The structural parameters of the C—H···O contacts also fall into a narrow range. Unlike the N—H···O contacts, however, they exhibit a lack of coplanarity between cation and anion which is manifest in H···O—N—O torsion angles in the range 40.4–47.2° (Table 1). They are typical of type-3 C—H···O contacts [Fig. 6(c); Felloni et al., 2002]. Type 1 contacts [Fig. 6(a)] are the conventional C—H···O interactions involving nitrate anions, in which the cation and anion are coplanar and the H···O—N angle is typical of sp2-hybridized oxygen (~120°). Type 2 contacts [Fig. 6(b)] differ from type 1 contacts solely in the direction of approach of the N—H donor which bisects two O atoms, giving a much larger H···O—N angle (~180°).

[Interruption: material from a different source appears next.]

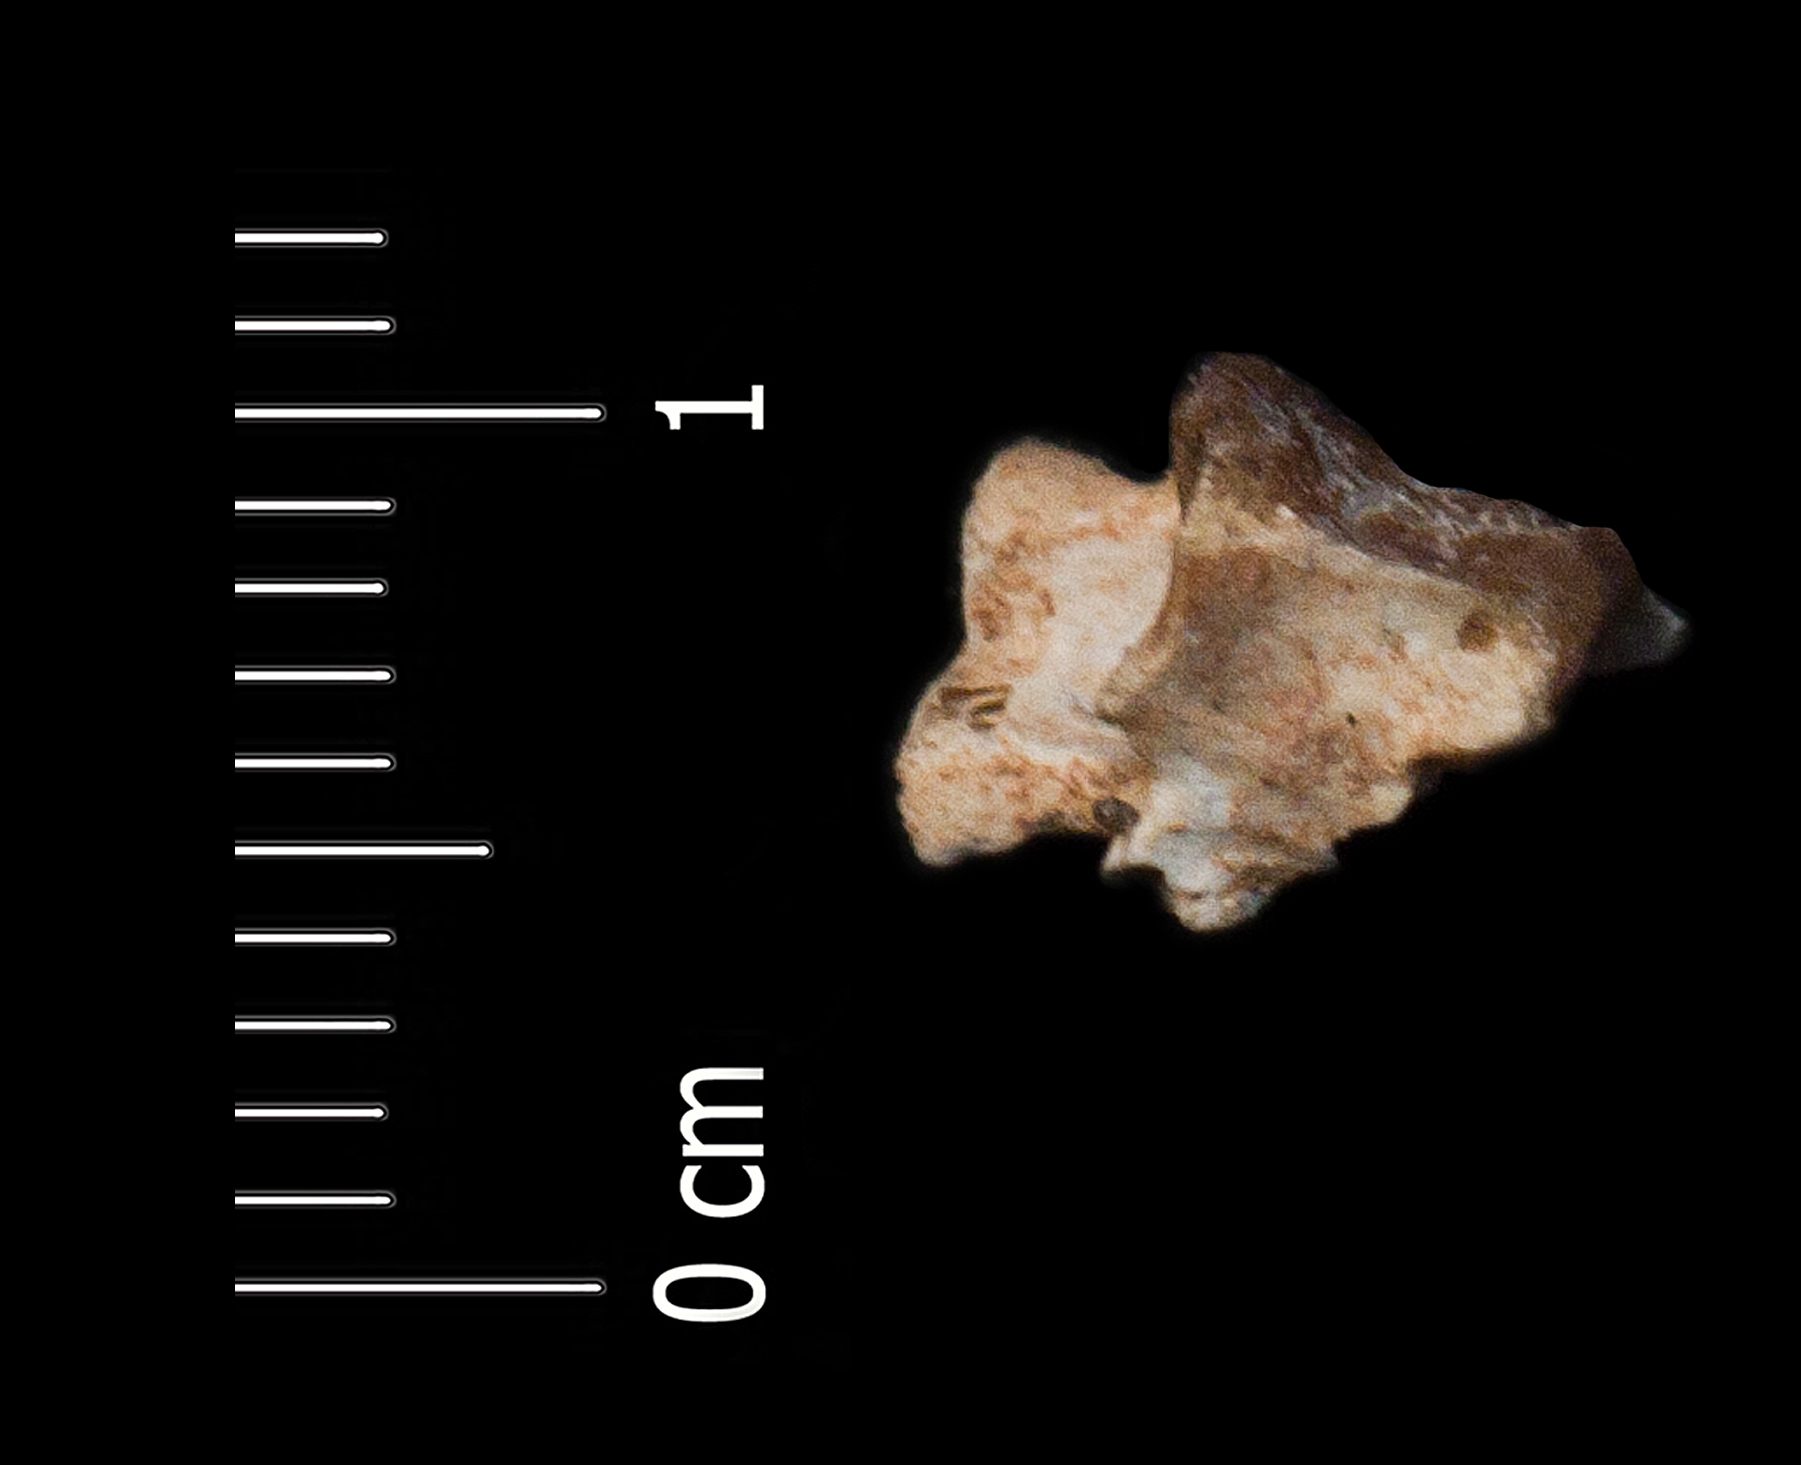 Fossile (vertebra, esemplare)

The structural parameters of the cation-anion C—H···O contacts in the title compound, when compared to those of the inter-cation C—H···O contact, for which not only is the torsion angle smaller but also the interatomic distances H···O and N···O are shorter (Table 1), suggest that the inter-cation C—H···O contact is the stronger interaction. As this observation conflicts with conventional arguments regarding electrostatics, it is clear that the C—H···O interactions must be considerably inferior to the N—H···O contacts.